§ **Task statement**
Without the images, repeat every line of the listing verbatim.

§ **Information supplied**
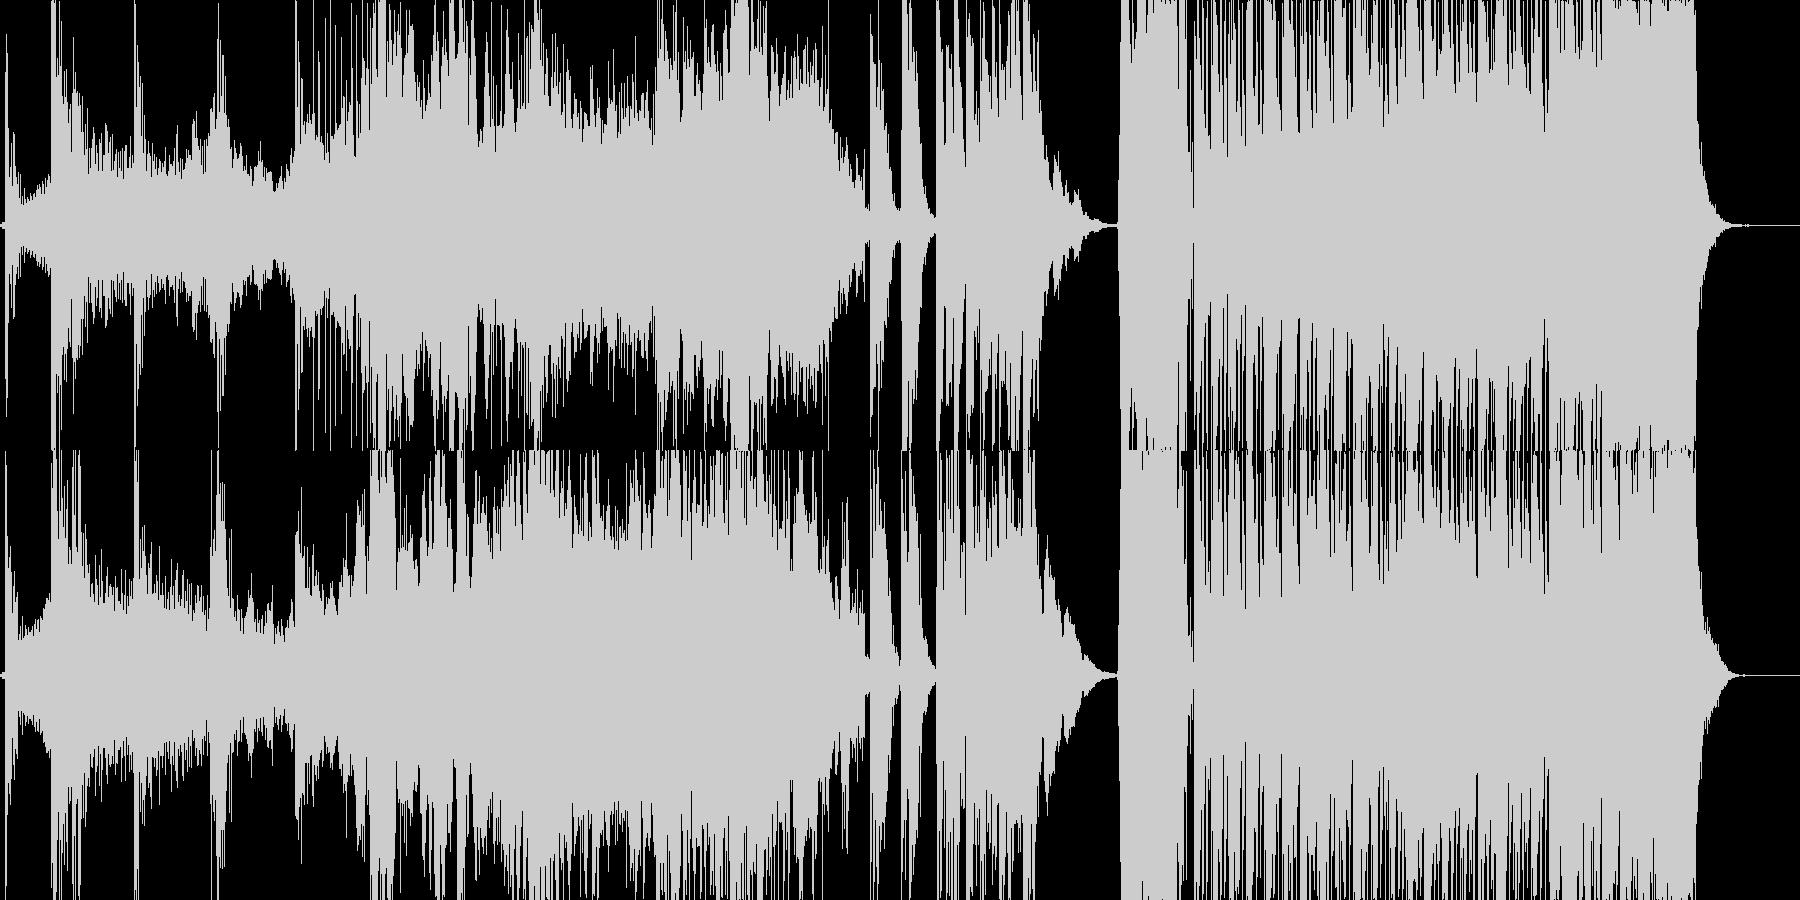 途中展開ありホラーBGMの未再生の波形
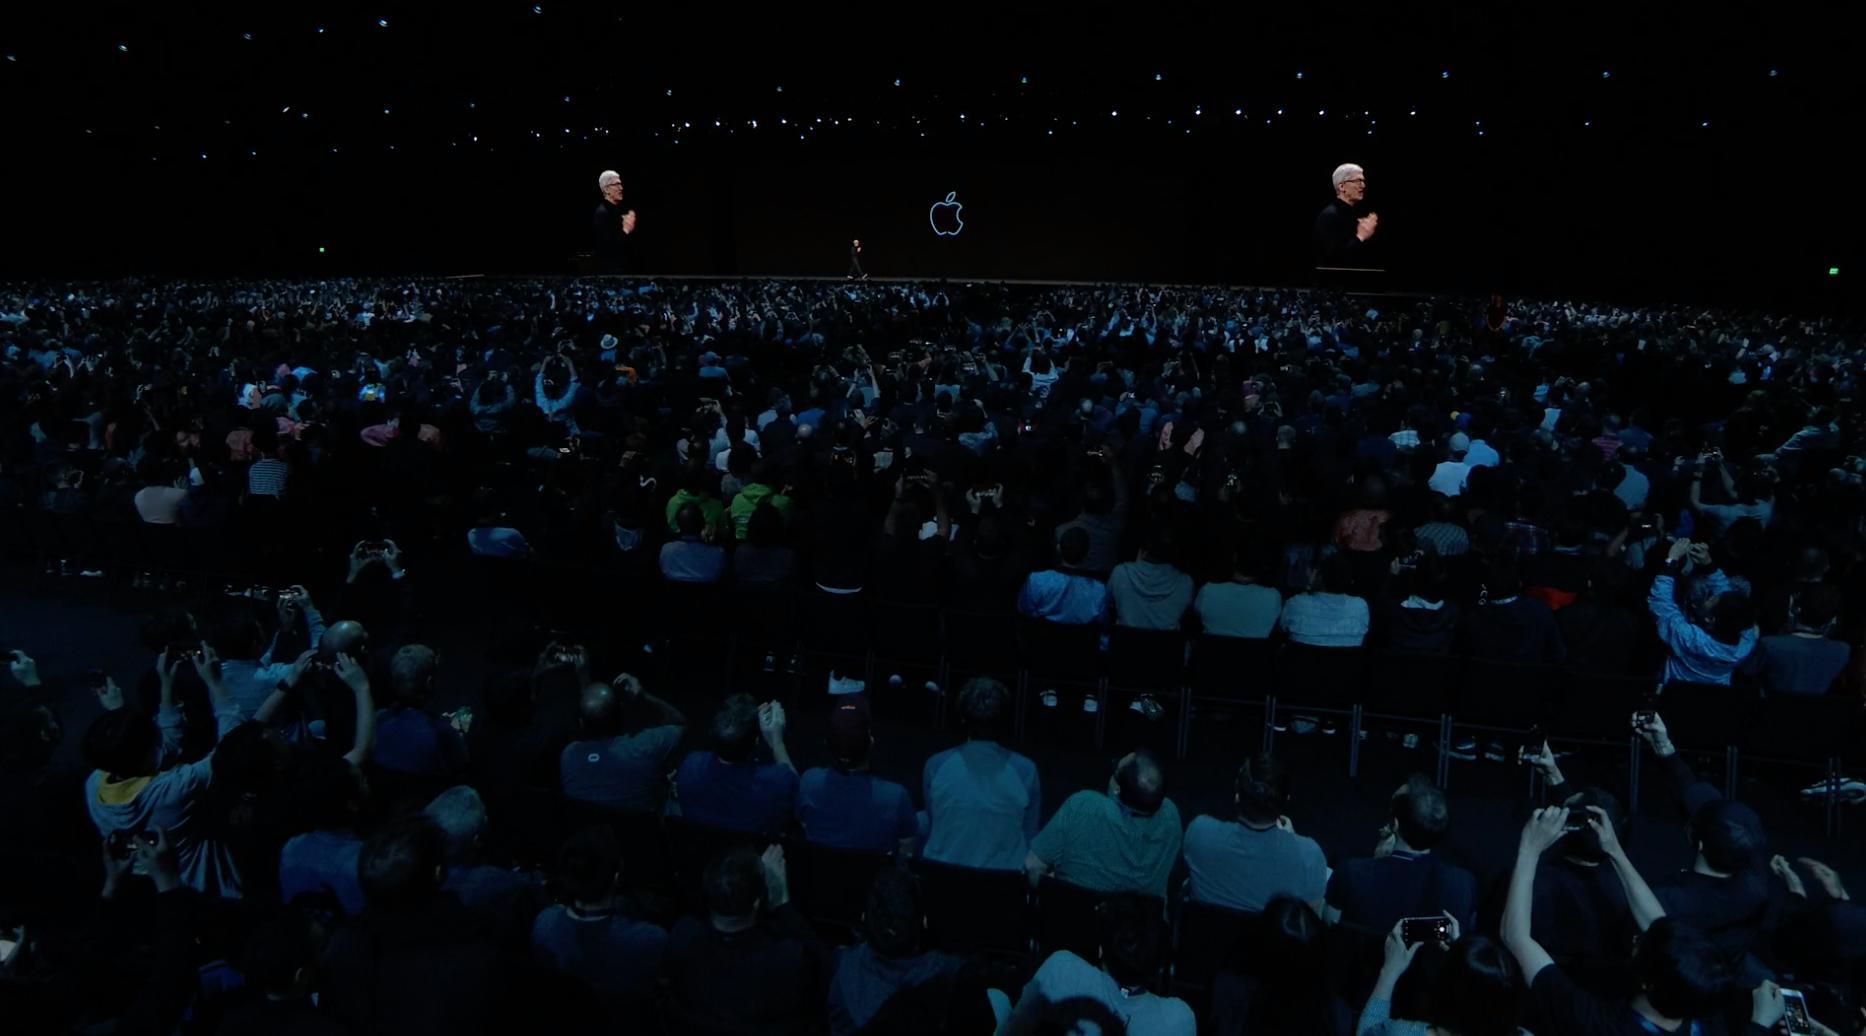 Presentación / Keynote de la WWDC 2013
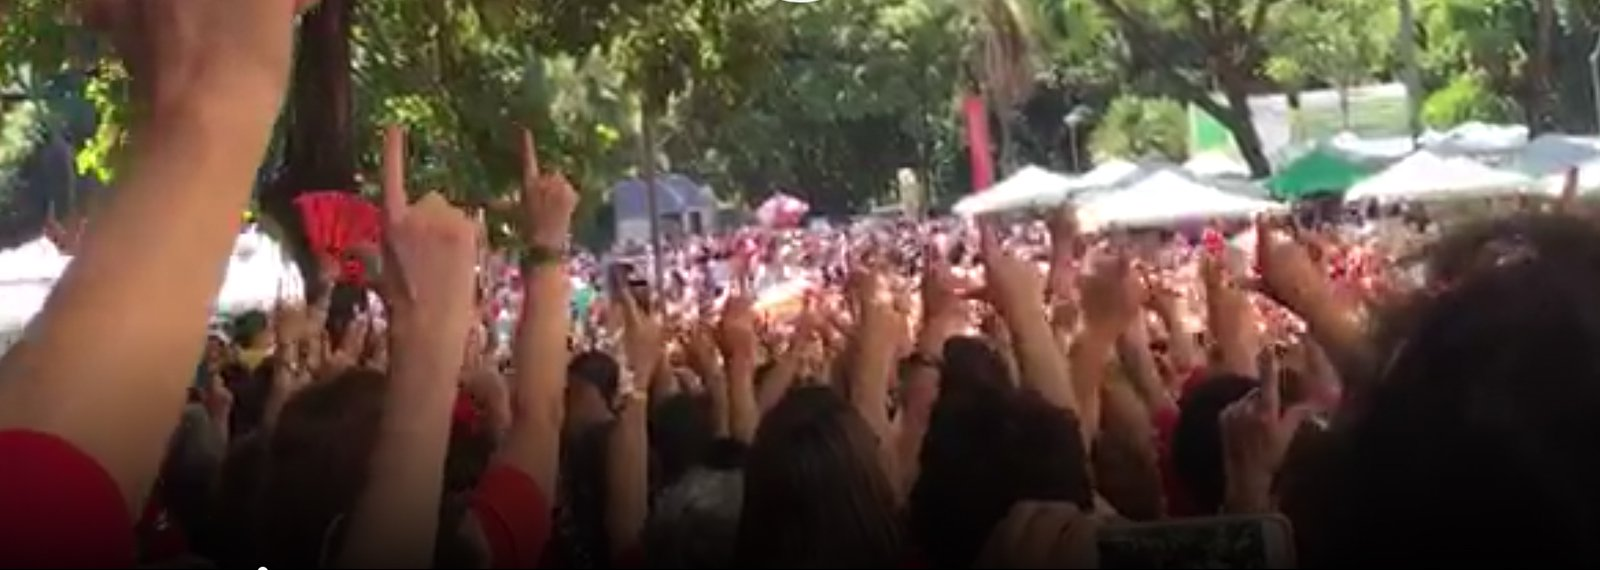 Por Lula candidato, BH canta: 'tu vens, tu vens, eu já escuto teus sinais'

§ **Output for this exercise**
 途中展開ありホラーBGMの未再生の波形
 Presentación / Keynote de la WWDC 2013
 Por Lula candidato, BH canta: 'tu vens, tu vens, eu já escuto teus sinais'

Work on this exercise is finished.